Supplied information:
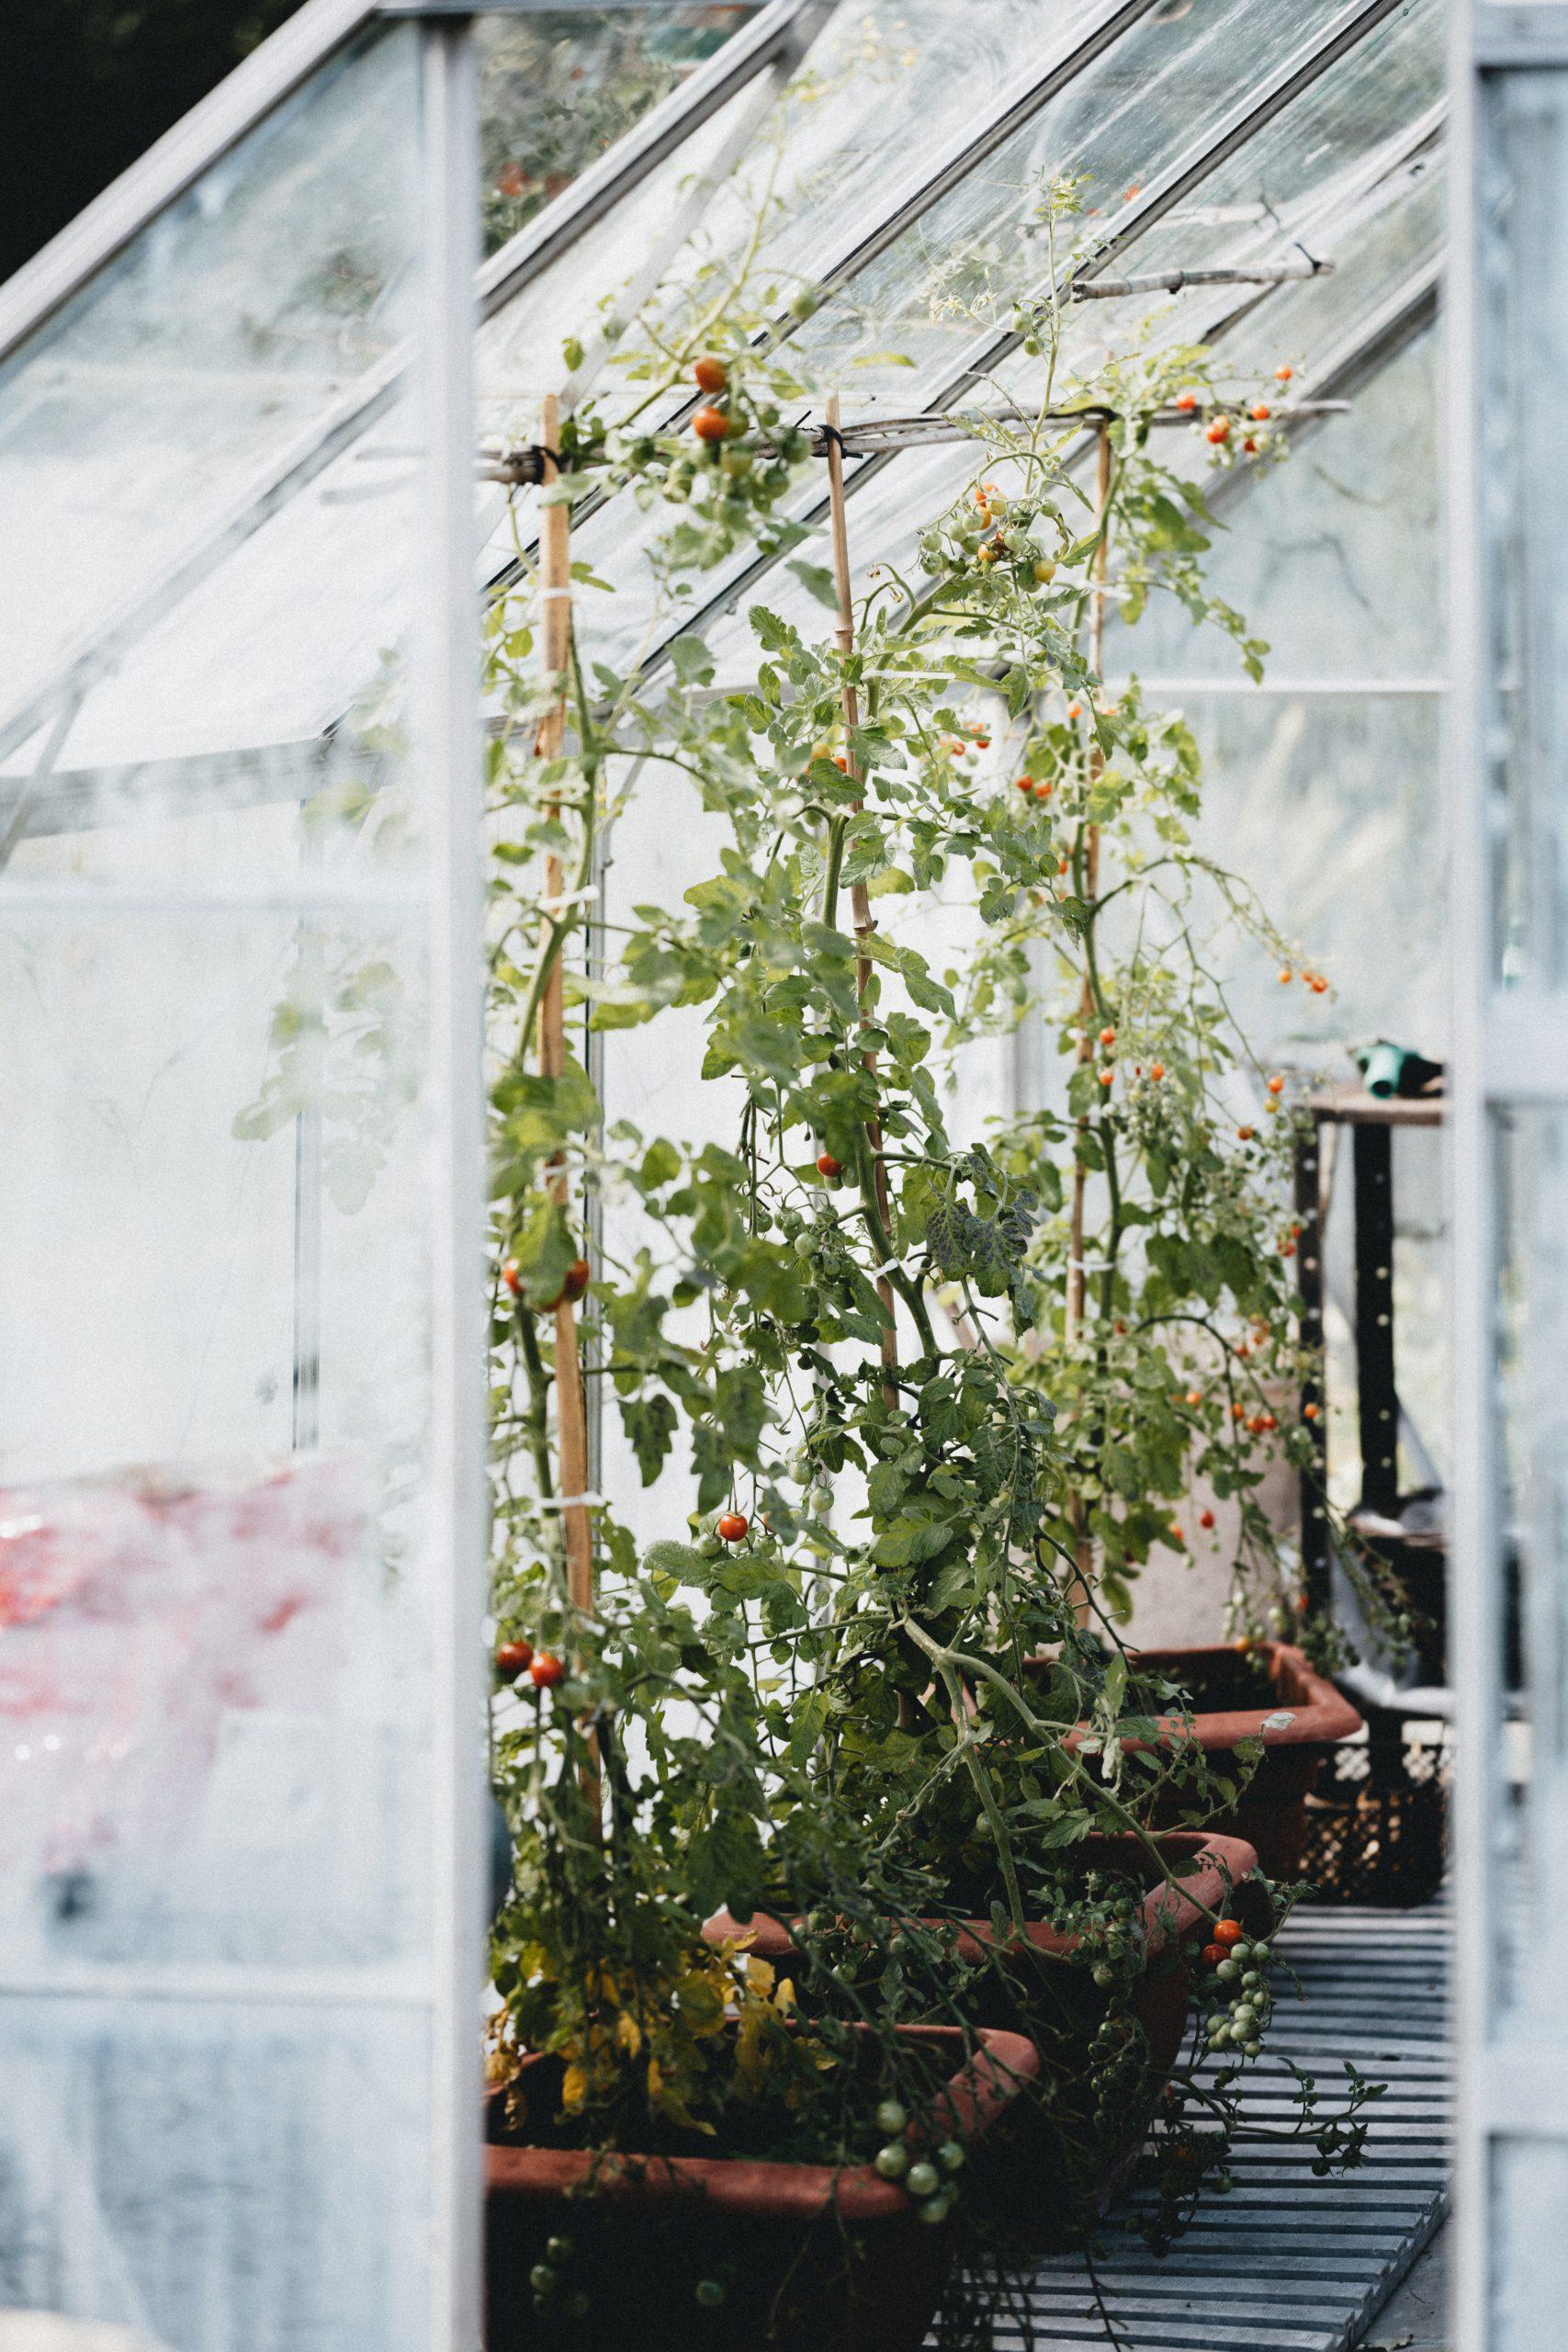 tomatoe tree in greenhouse
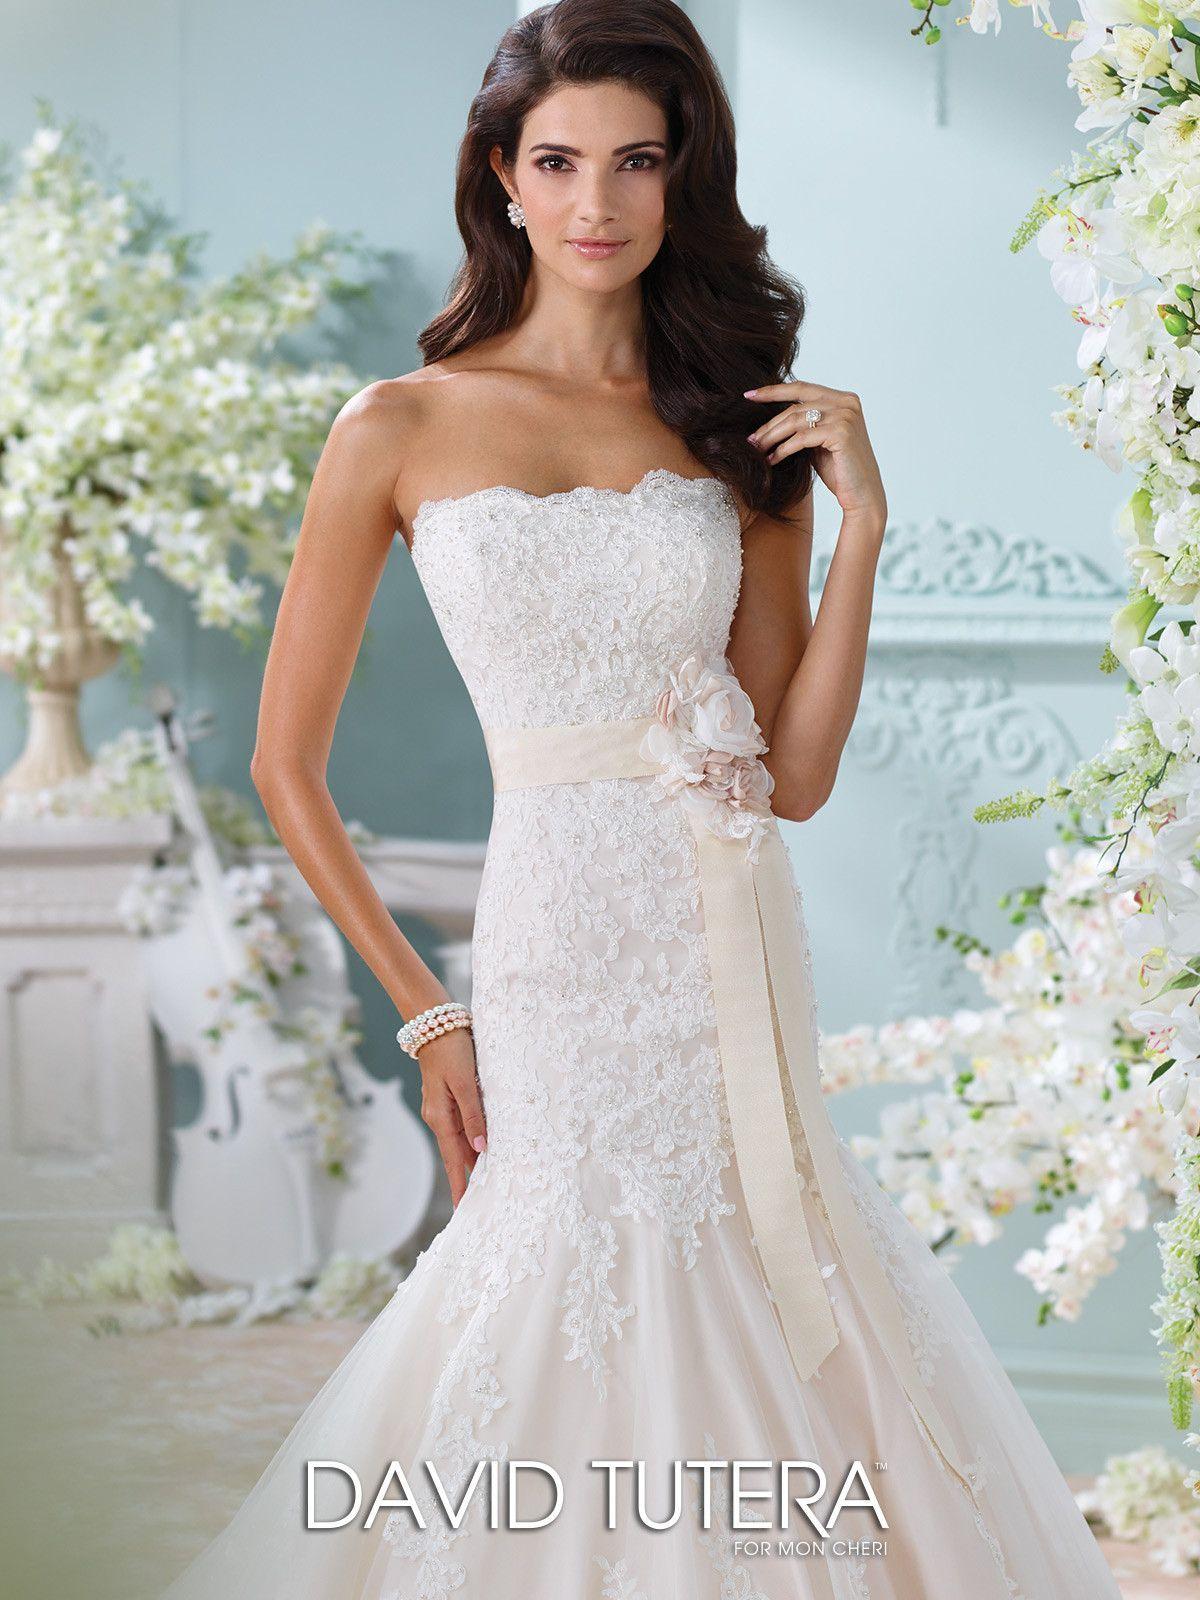 69ec650006ee6 Last Dress In Stock; Size: 12, Color: Ivory/Petal - Martin Thornburg ...
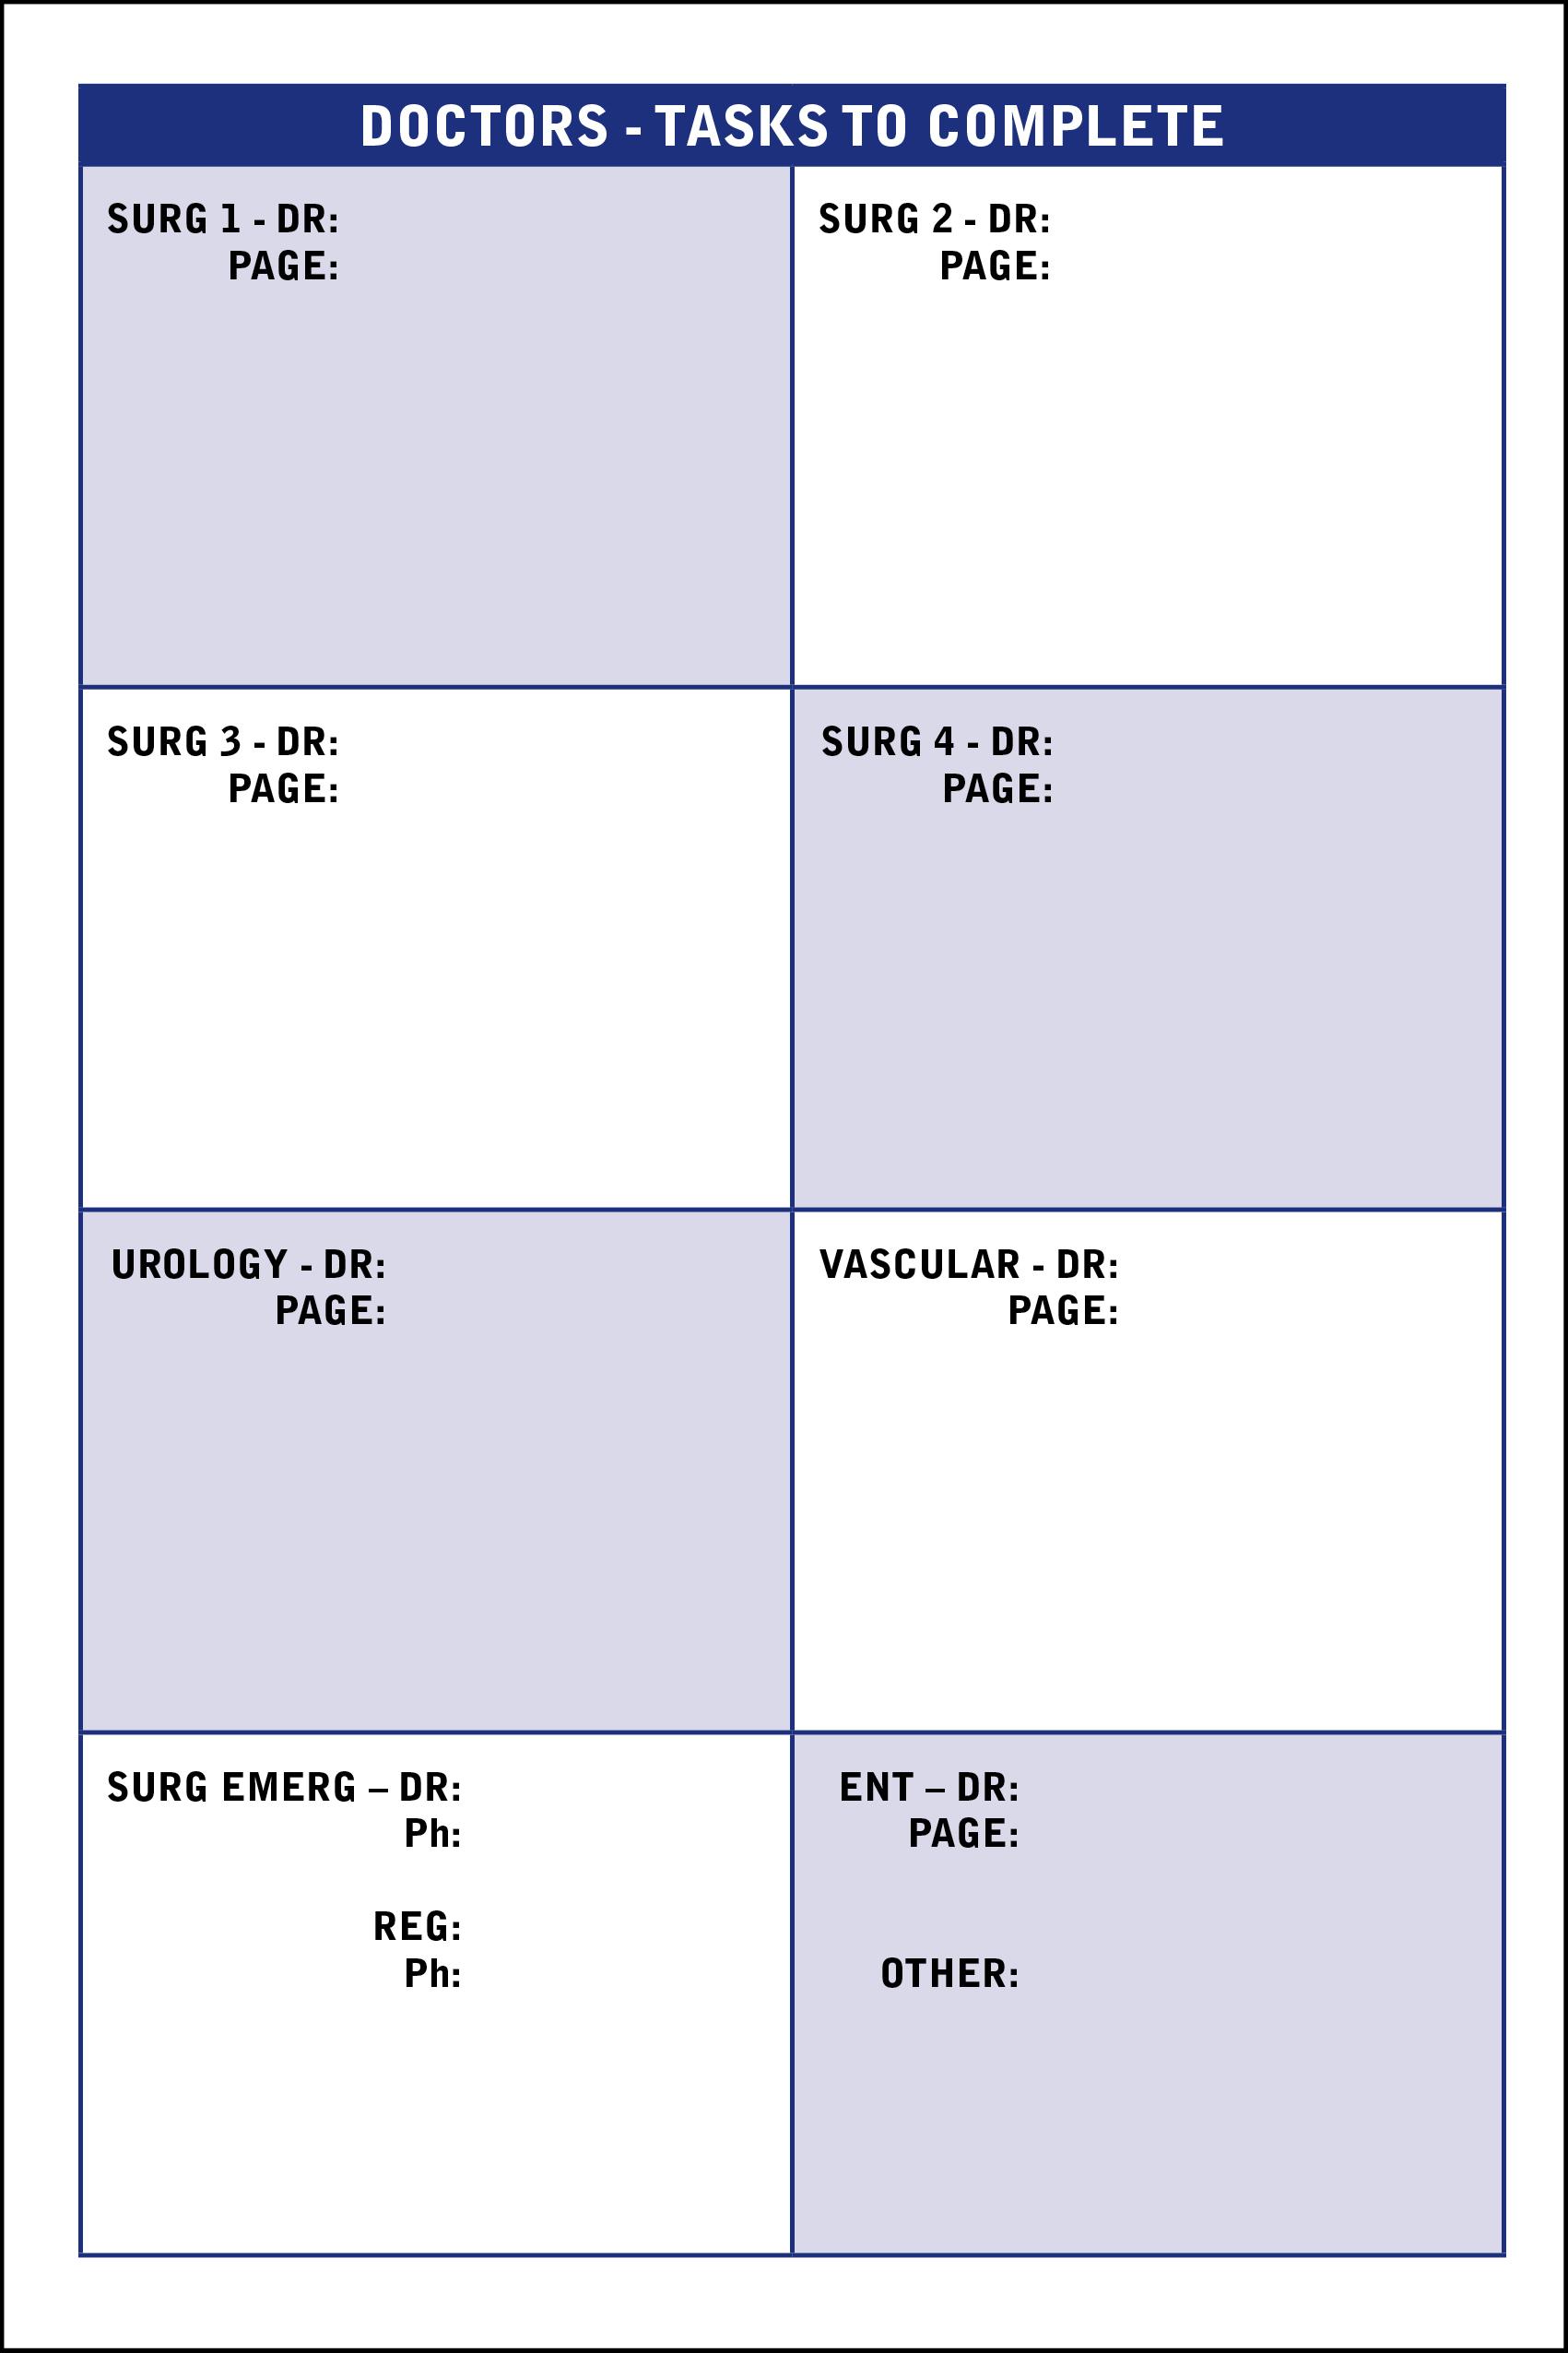 DR Task Board_600x900.jpg

Assignment: From start to finish, output the listing exactly, but omit its pictures.

Response to this exercise:
 tomatoe tree in greenhouse
 69ec650006ee6 Last Dress In Stock; Size: 12, Color: Ivory/Petal - Martin Thornburg ...
 DR Task Board_600x900.jpg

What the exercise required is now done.